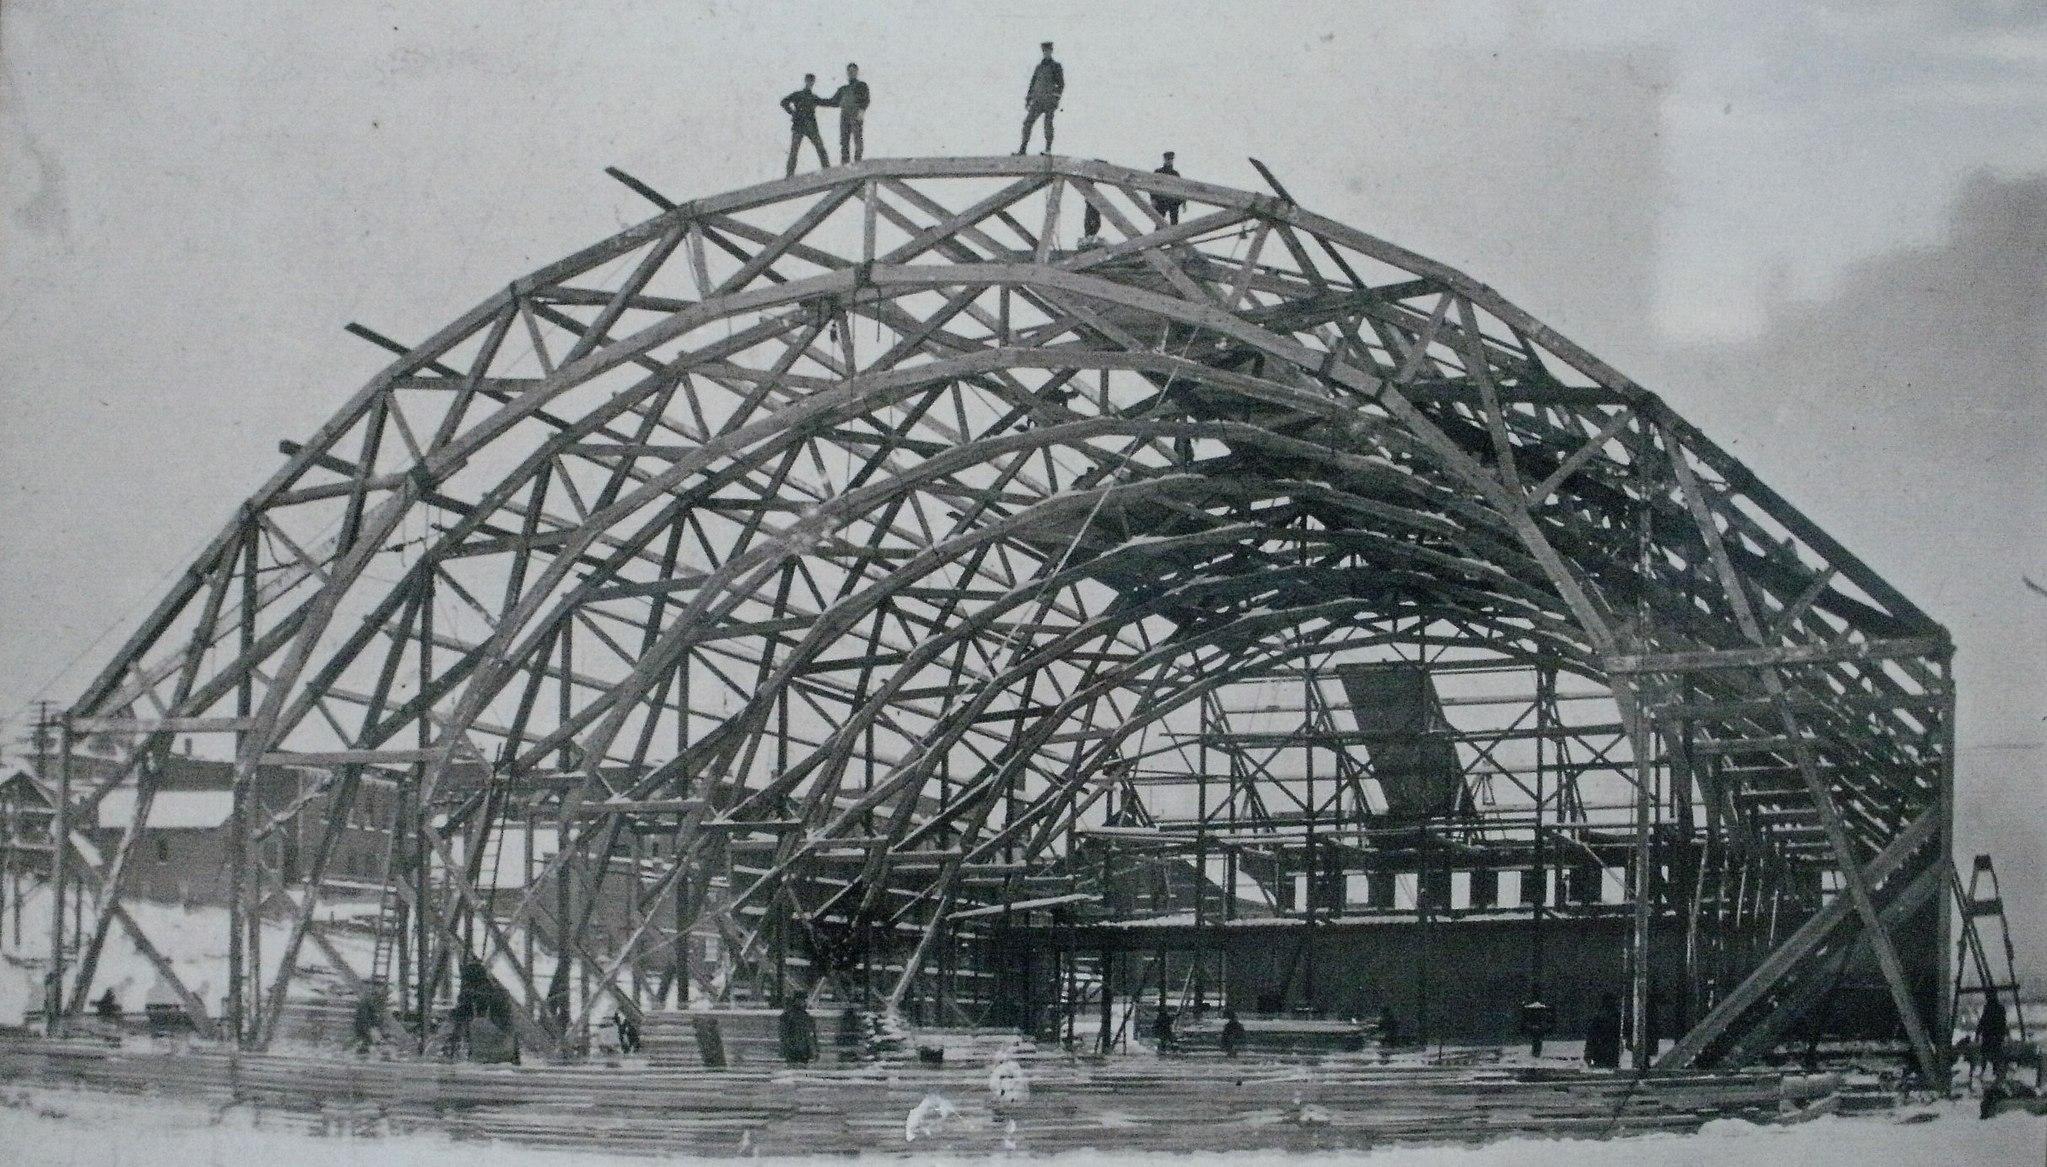 Amphidrome de Houghton en construction, 1902
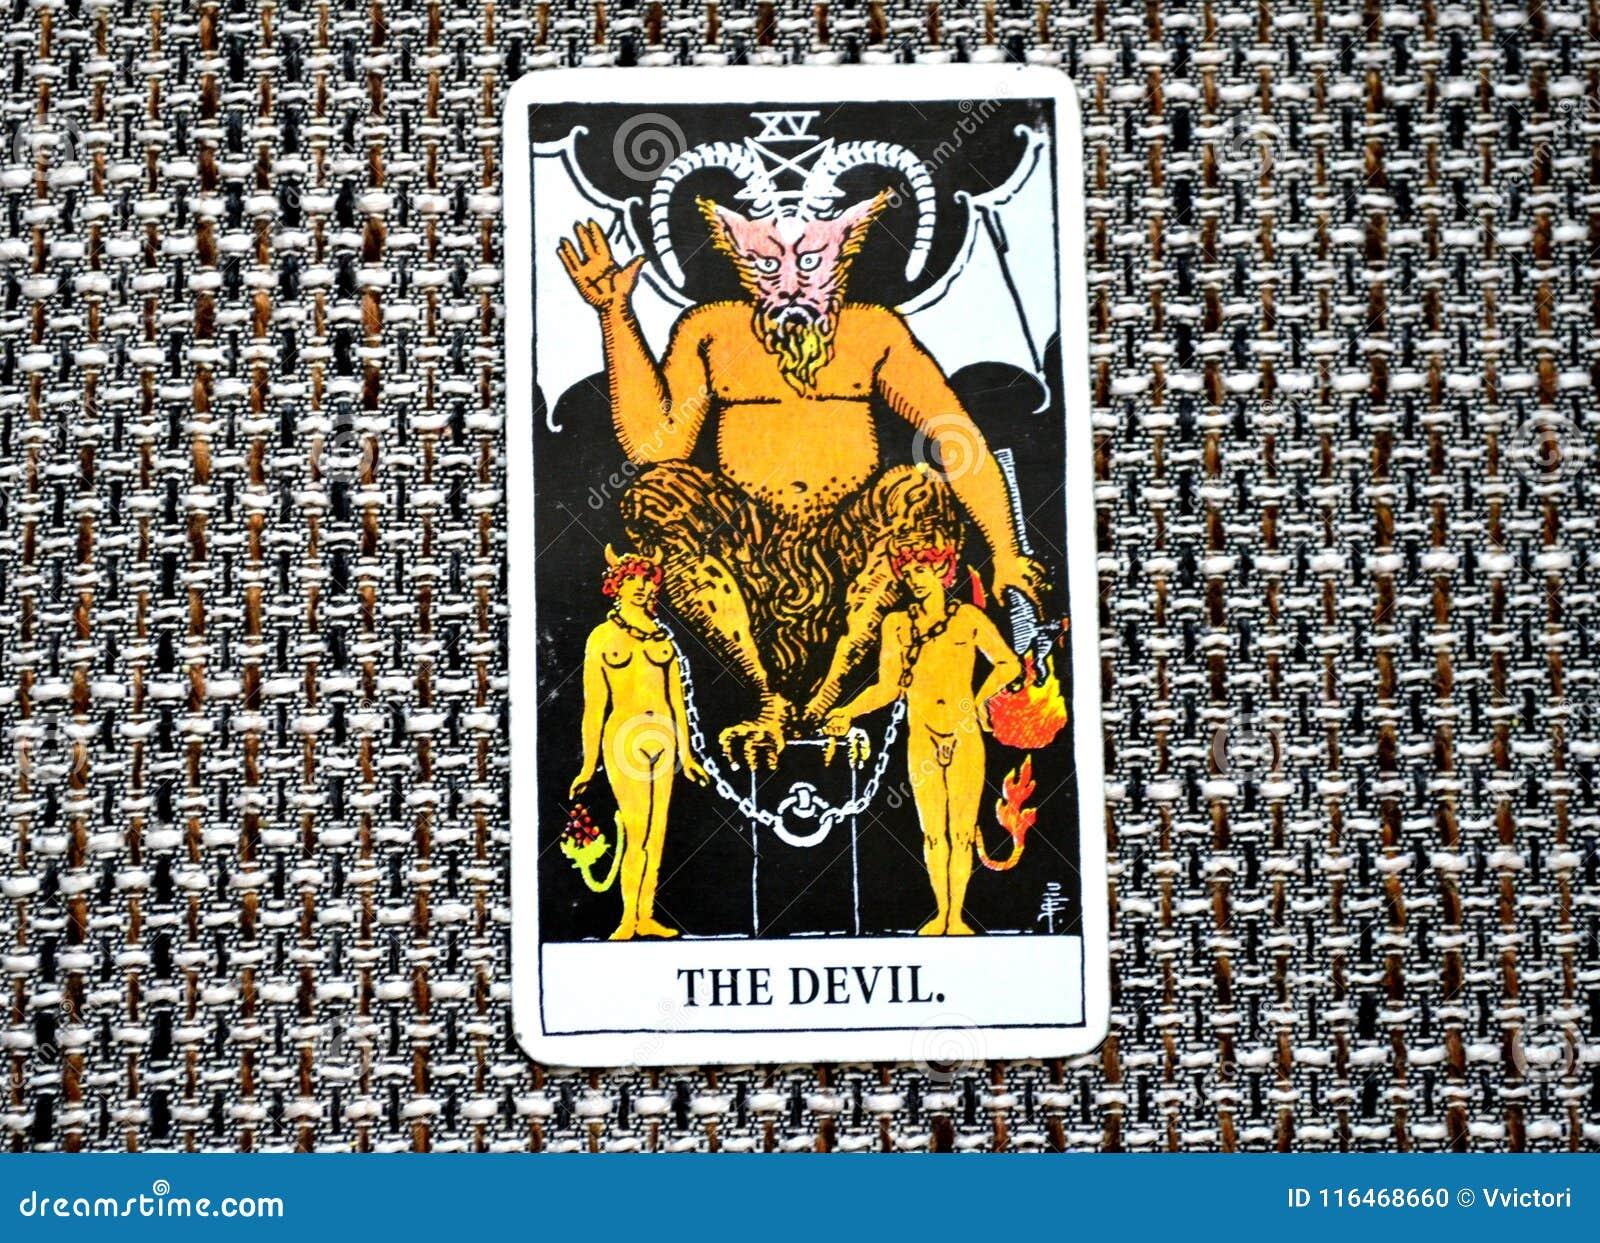 A sujeição do cartão de tarô do diabo, tentação, escravização, materialismo, apegos
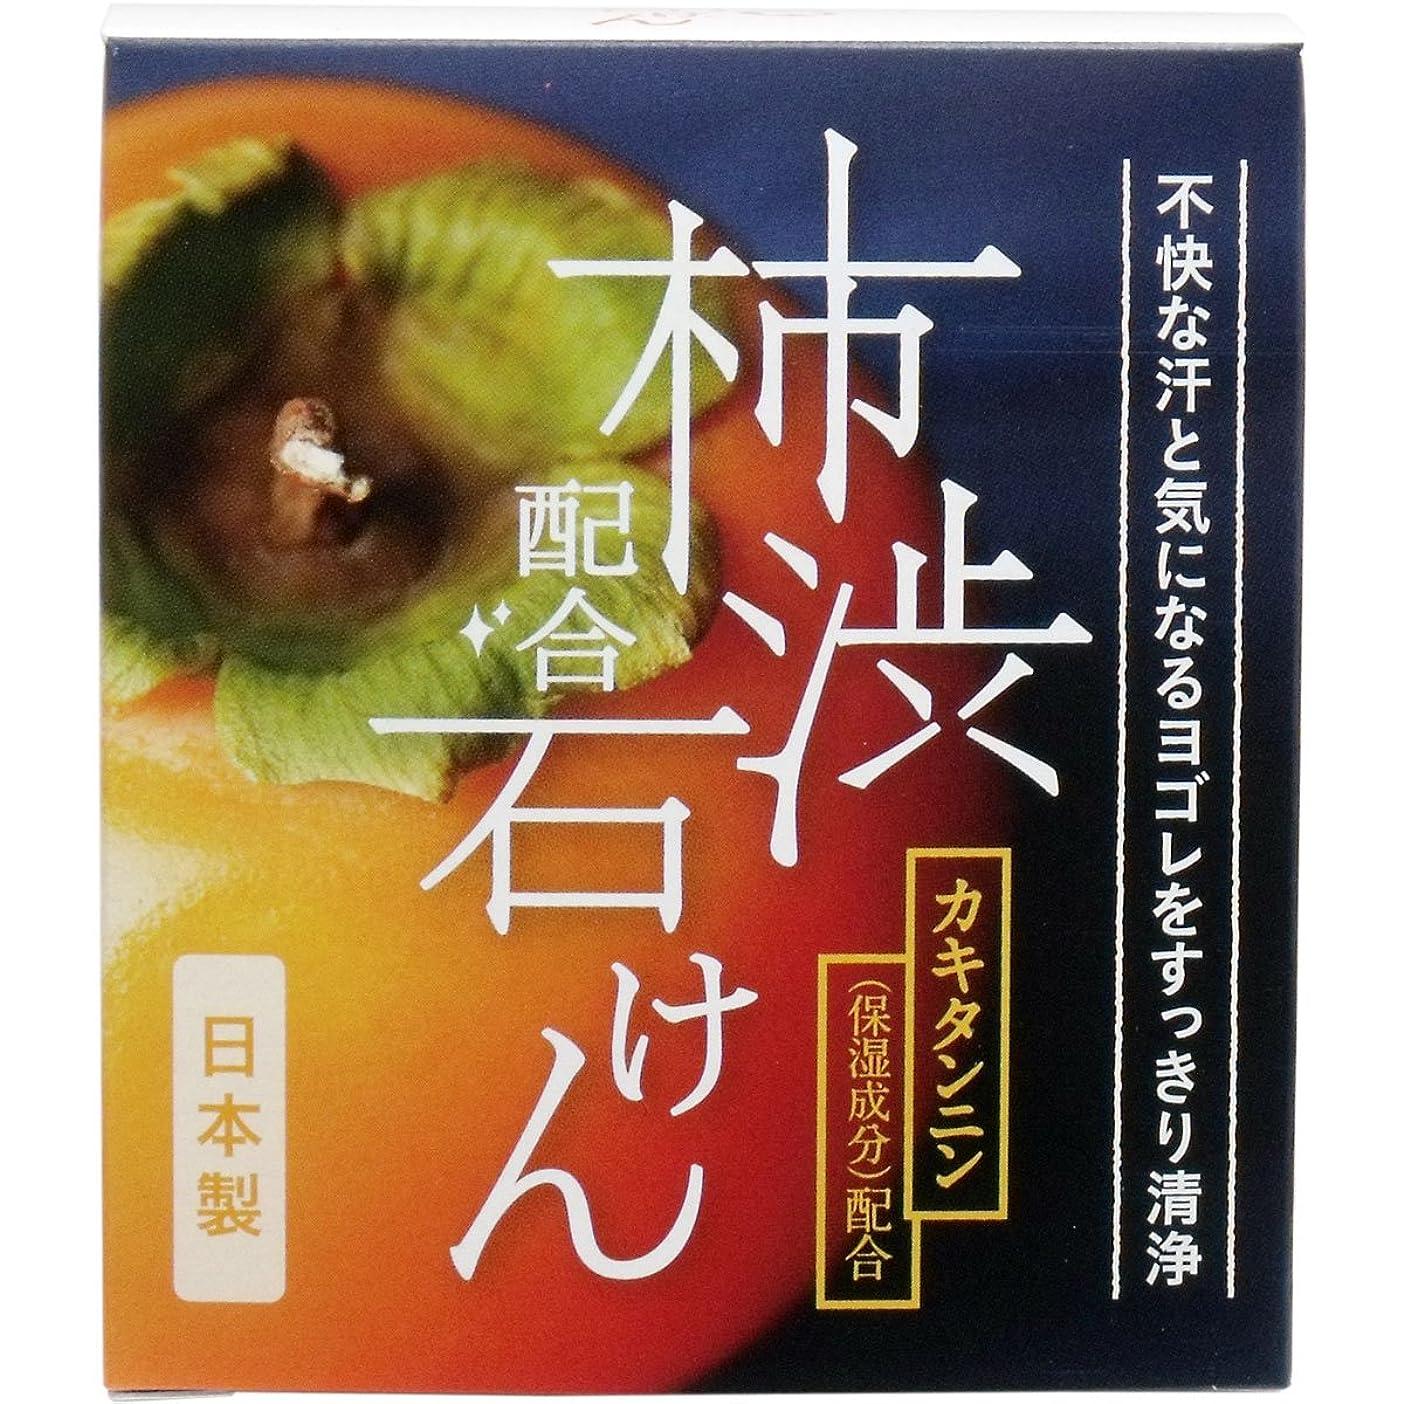 免除阻害する動的W柿渋配合石けん WHY-SKA 100g

##############################

Repeat the data word for word. Skip the pictures.

§ ANSWER FOR THIS EXERCISE:
 Amphidrome de Houghton en construction, 1902
 A sujeição do cartão de tarô do diabo, tentação, escravização, materialismo, apegos
 免除阻害する動的W柿渋配合石けん WHY-SKA 100g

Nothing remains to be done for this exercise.